(Dr. Jerry Ginsberg, advisor)
"A Modified Approach to Improve the Robustness of the Algorithm of Mode Isolation"
Several problems limit the capabilities of current modal analysis techniques. Typically, modes with high damping ratio can be missed or poorly described. Modes whose natural frequencies are close require a high frequency resolution. Even then, existing methods generally fail if damping is sufficiently high, such that the modal bandwidths are comparable to the frequency separation, and the modes are said to be coupled. Modes with very low drive point mobility generally require multiple excitations and the presence of substantial noise further complicates the identification process. Furthermore, a fundamental requirement of most current techniques is the presence of an estimate of the number of modes in the system, or model order. Typically, the order of the model is overestimated then adjusted, and in doing so, false modes and instability may be encountered. Although several methods have been developed to evaluate the accuracy of the model order, current algorithms still face difficulties.

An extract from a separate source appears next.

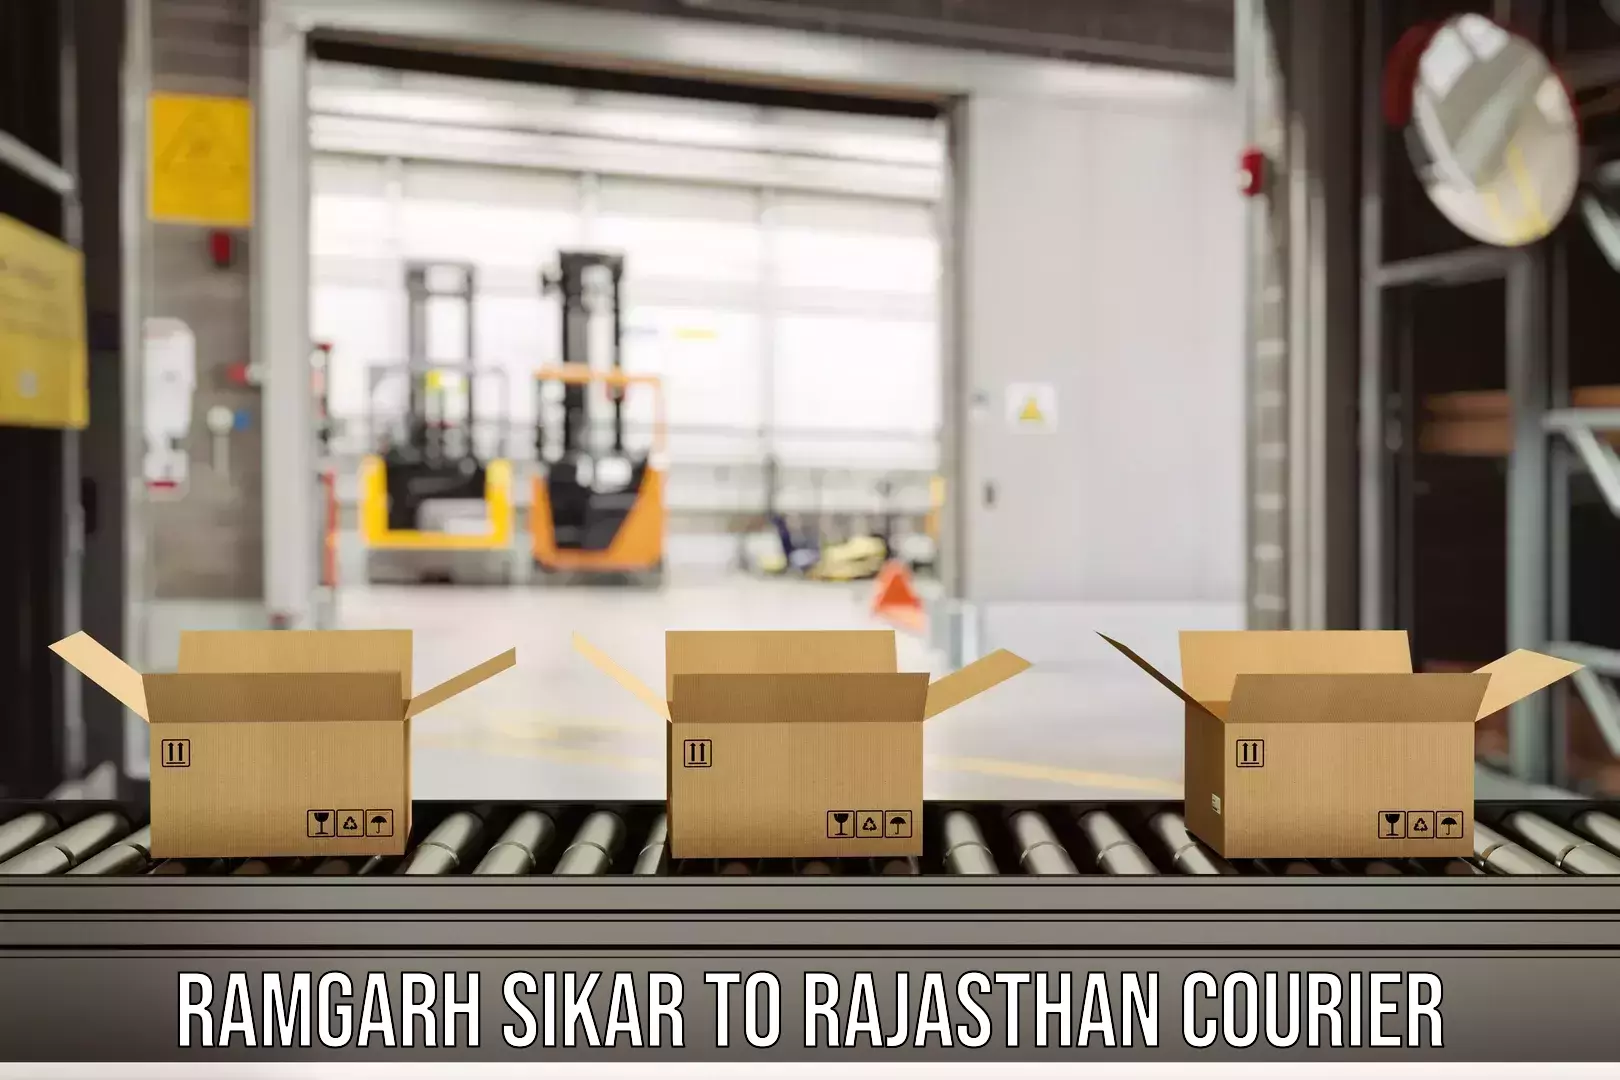 Global courier networks Ramgarh Sikar to Bhinder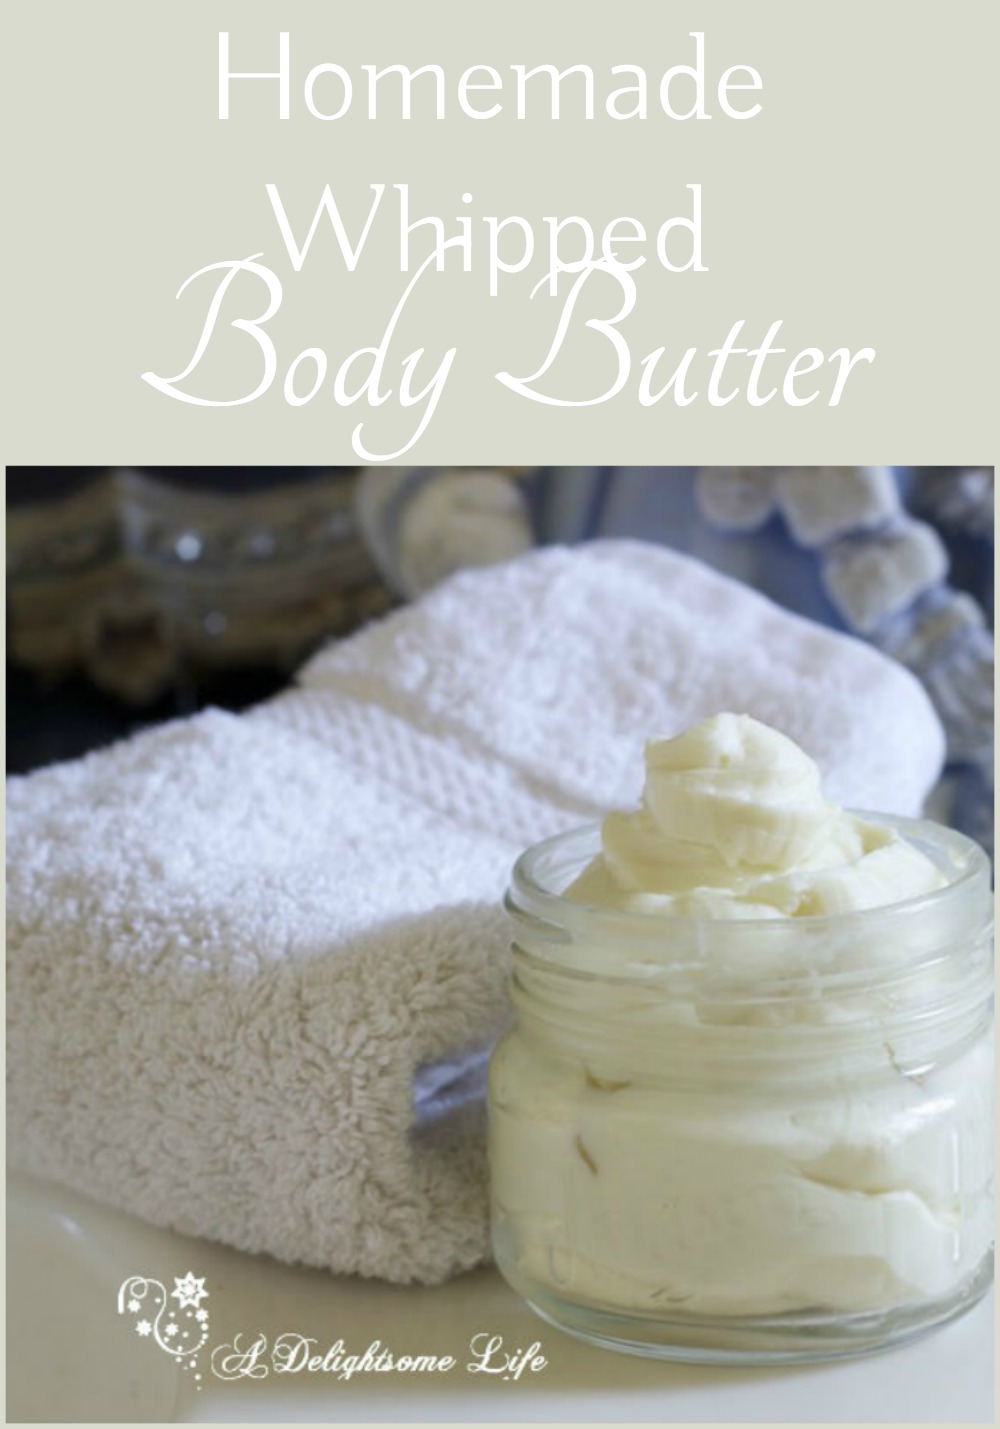 Homemade Body Butter Kit  All you need to make whipped shea

The Algorithm of Mode Isolation (AMI), referred to as the Mode Isolation Algorithm (MIA) in previous literature, is a frequency domain technique that was developed in 2000 and has proven to be superior to the current methods in addressing these difficulties. It provides a self-adjusting mechanism of identifying the order of the model, as well as higher robustness in the presence of noise. The algorithm was also extended to the state space to perform damped modal analysis. However, in its original form, the capabilities of the algorithm in identifying the normal modes of the system were limited. The present work uses synthetic data from the analytical solution of two relatively complicated systems to further assess AMI. The parameters of both systems are tuned such that they exhibit several of the problematic issues previously mentioned. The scope of the current work is twofold. First, to introduce a strategic change in the way the data is processed and analyzed, leading to a more robust algorithm that can identify all the elements of the normal mode matrix to a very good level of accuracy. Second, to assess the effect of noise on the accuracy of the results of the modified algorithm.